Arcadia Data Looks to Streamline Big Data Search
Since emerging in June 2015, Arcadia Data has steadily upgraded its native Hadoop visual analytics platform to its latest hybrid iteration running both on the open-source framework and the cloud that now includes search-based business intelligence and analytics.
Arcadia Data, San Mateo, Calif., said this week its upgraded enterprise platform aims to make it easier for business users to query data via a “Google-like search interface.” The new functionality includes AI-based “guided questions” designed to recommend related database queries as well as ranking answers based on scoring questions against all available data sets. The “best answer” is displayed at the top of a list of possible query answers.
All this, the company claims, will help drive the “consumerization of data.”
Arcadia Data has previously paired its Hadoop-native OLAP “cube” of pre-aggregated data with a visualization and BI layer that’s designed to rapidly query data without moving any data off the cluster.
Arcadia Data’s web-based visual analytics tool served directly from Hadoop addresses a shortfall in many big data projects that are hampered by business intelligence and visualization tools that analyze only a limited portion of the data extracted by Hadoop and other data platforms.

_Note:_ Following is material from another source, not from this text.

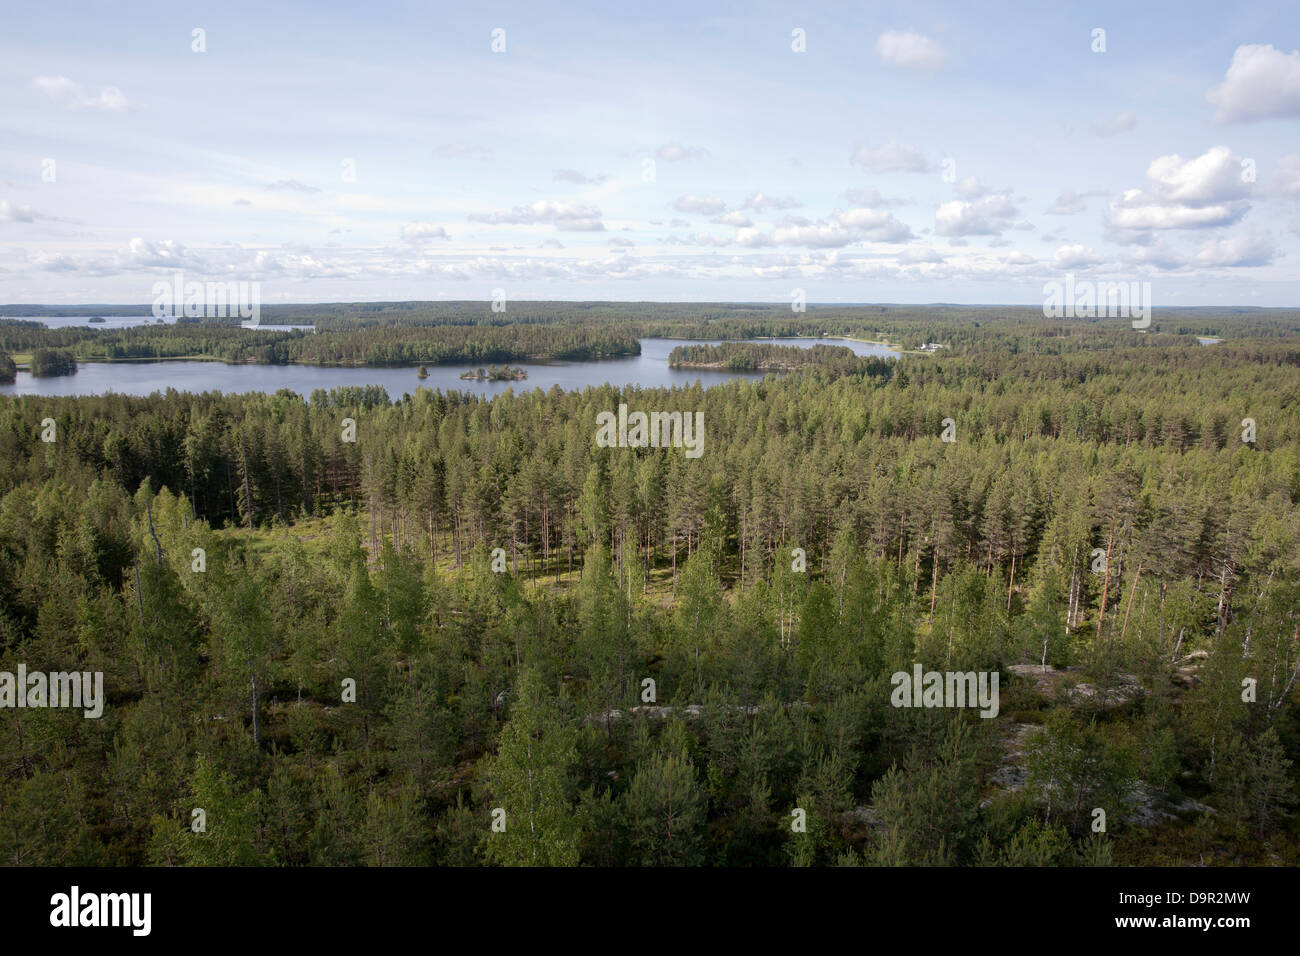 Rural landscape in Suomenniemi, Finland Stock Photo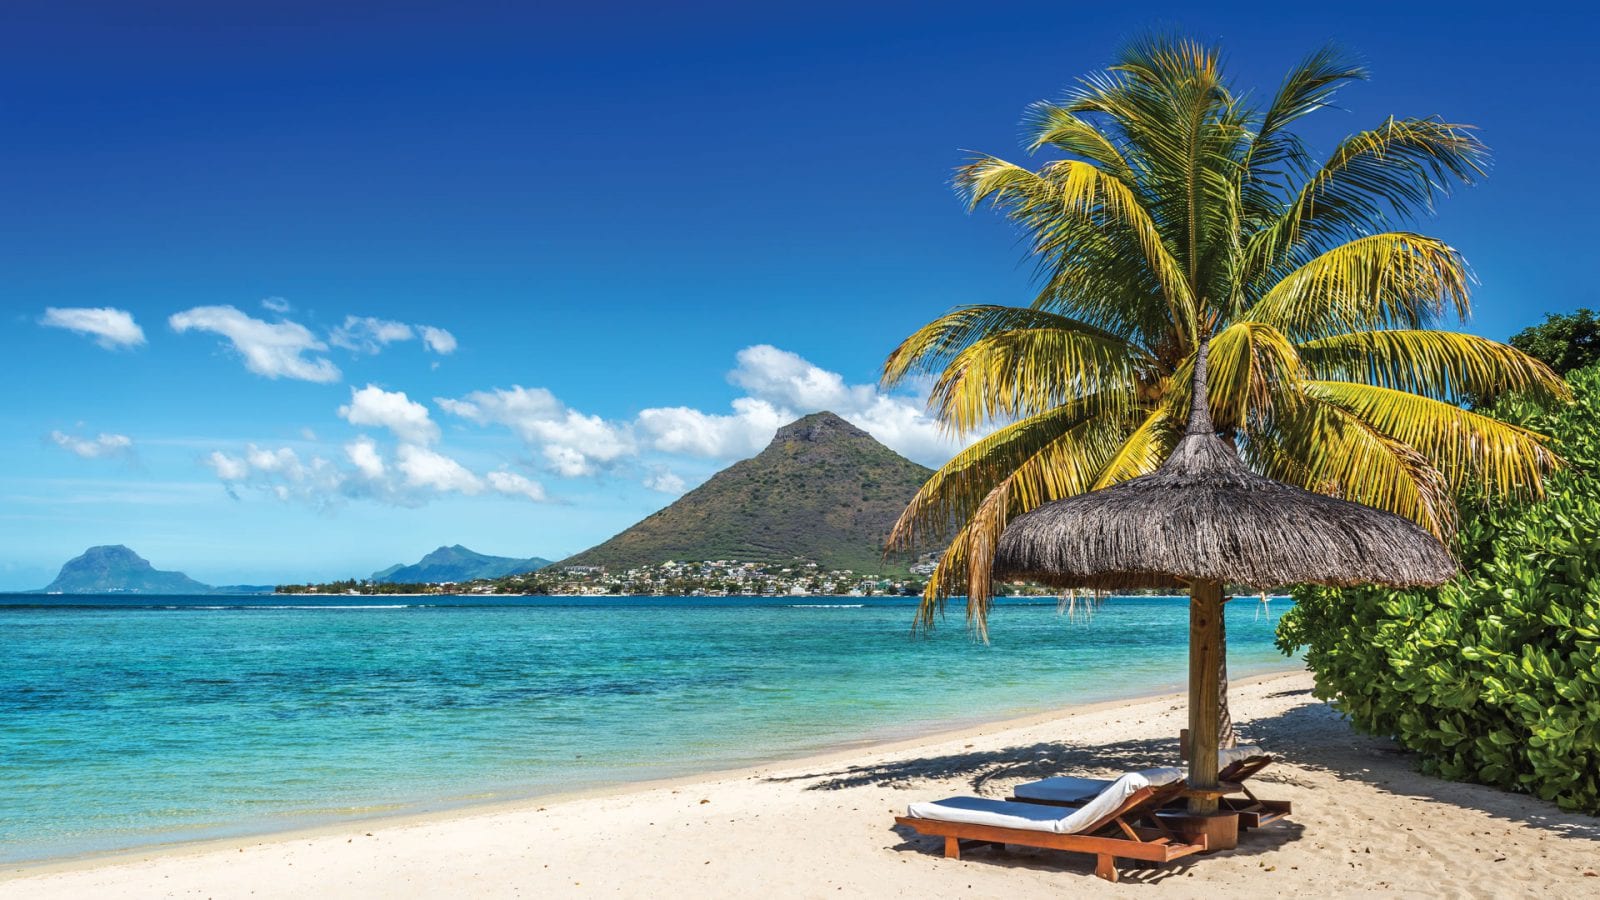 Mauritius Islands destinations in Africa

Hence, the company strives to reduce data movement among proprietary platforms as a way of accelerating business intelligence tasks.
Arcadia Data said its upgraded platform is native to big data platforms, thereby eliminating data movement among separate BI servers. “This mitigates the delays and governance challenges that the traditional analytical life cycle creates,” the company said Tuesday (Sept. 4).
Along with Hadoop, Arcadia Data works natively with big data cloud stores like Amazon Simple Cloud Storage System and Microsoft Azure data lake storage as well as streaming systems like Apache Kafka. It also supports Oracle (NYSE: ORCL), Teradata (NYSE: TDC), the Snowflake cloud data warehouse and Amazon Redshift databases.